Bric::DBA - Bricolage Database Administration Guide.
$Revision: 1.1.1.1.2.1 $
$Date: 2001/10/09 21:51:05 $
This guide is intended for the database administrator in charge of maintaining the Bricolage PostgreSQL database.
By default, PostgreSQL has pretty lax authentication settings, at least locally. Client authentication is controlled by the file pg_hba.conf in the $PGDATA directory, e.g., /usr/local/pgsql/data/pg_hba.conf. The defaul settings allow completely trusted connections to the server by any local user using either Unix domain sockets or TCP/IP connections. These settings are as follows:
local all trust
host all 127.0.0.1 255.255.255.255 trust
These settings allow anyone connecting via local Unix domain sockets to connect to all databases in a completely trusted manor. Theye won't even be prompted for a password! Similarly, hosts connecting from the local IP address, 127.0.0.1 with Mask 255.255.255.255, are completely trusted to connect to all databases.

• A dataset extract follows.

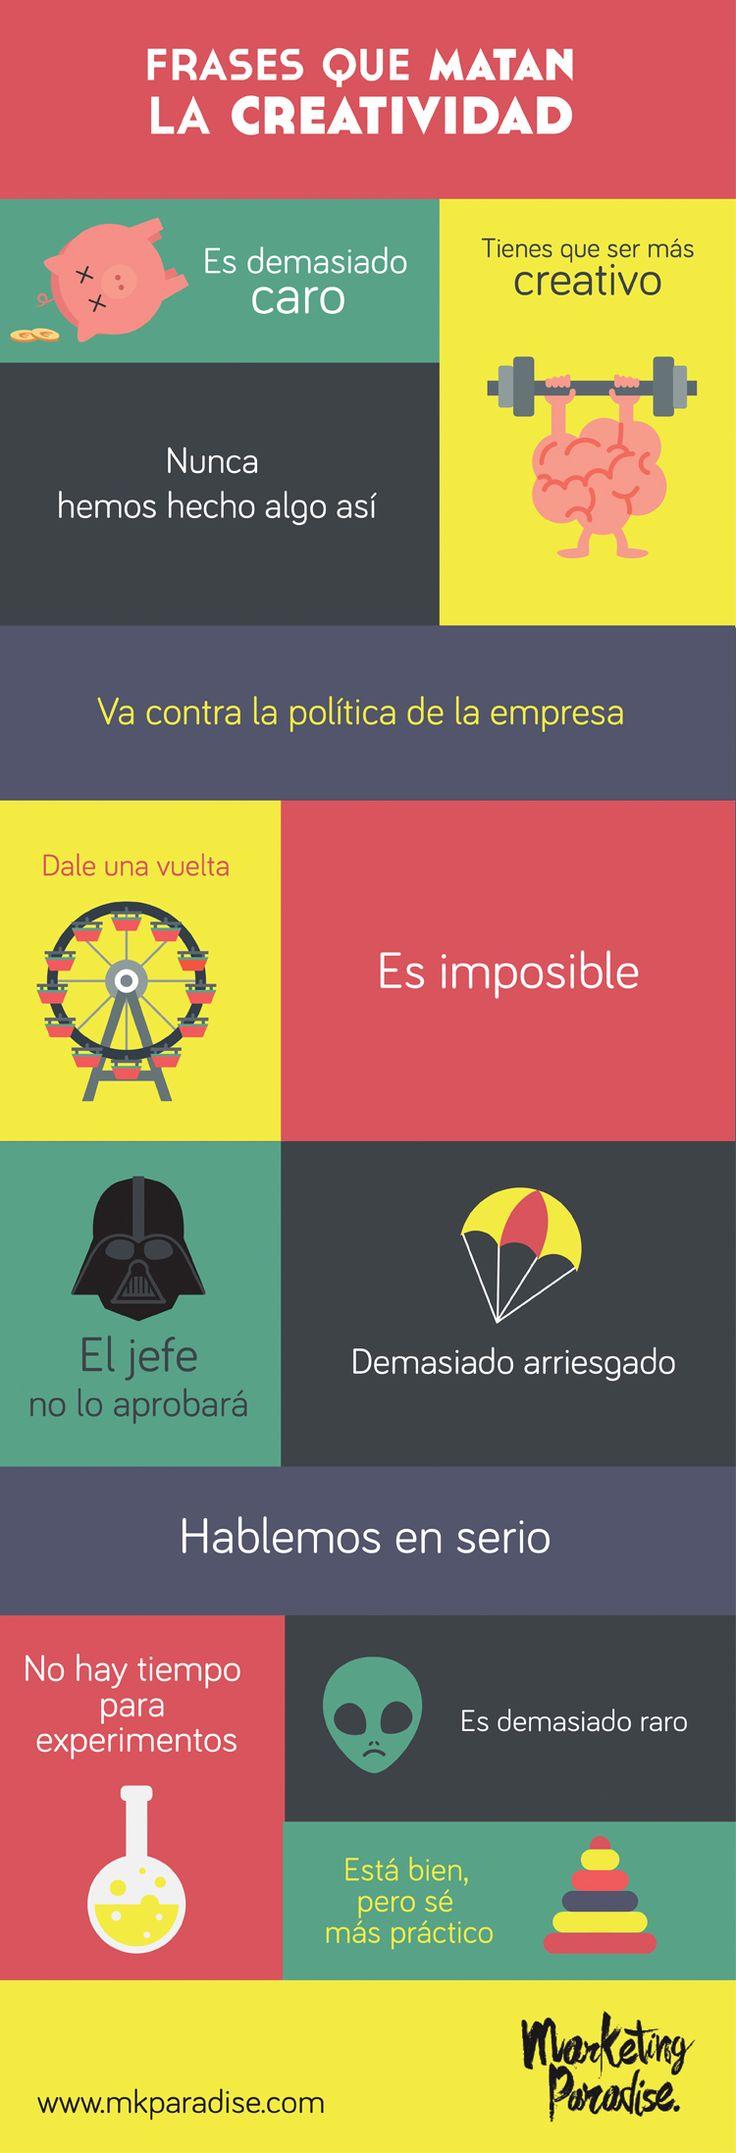 Frases que matan la creatividad, la innovación, el cambio, el progreso...

While these settings are fine for limited local use (provided you trust all users on the local system!), they are not good for a production environment. We recommend that clients be required to provide a password -- and preferably that it be encrypted. If the Bricolage web server runs on the local box and no other box will need to connect, we recommend the following settings:
local all crypt
# host all 127.0.0.1 255.255.255.255 crypt
These are similar to the defaults, except that they require a password, but the password is sent over the wire encrypted using a simple challenge-response protocol. We have commented out the host entry because Bric is running locally and can therefore rely solely on Unix domain sockets. (In this case, you may also wish to remove the -i switch from the call PostgreSQL startup script.) Enable it if you find a need to connect locally via TCP/IP.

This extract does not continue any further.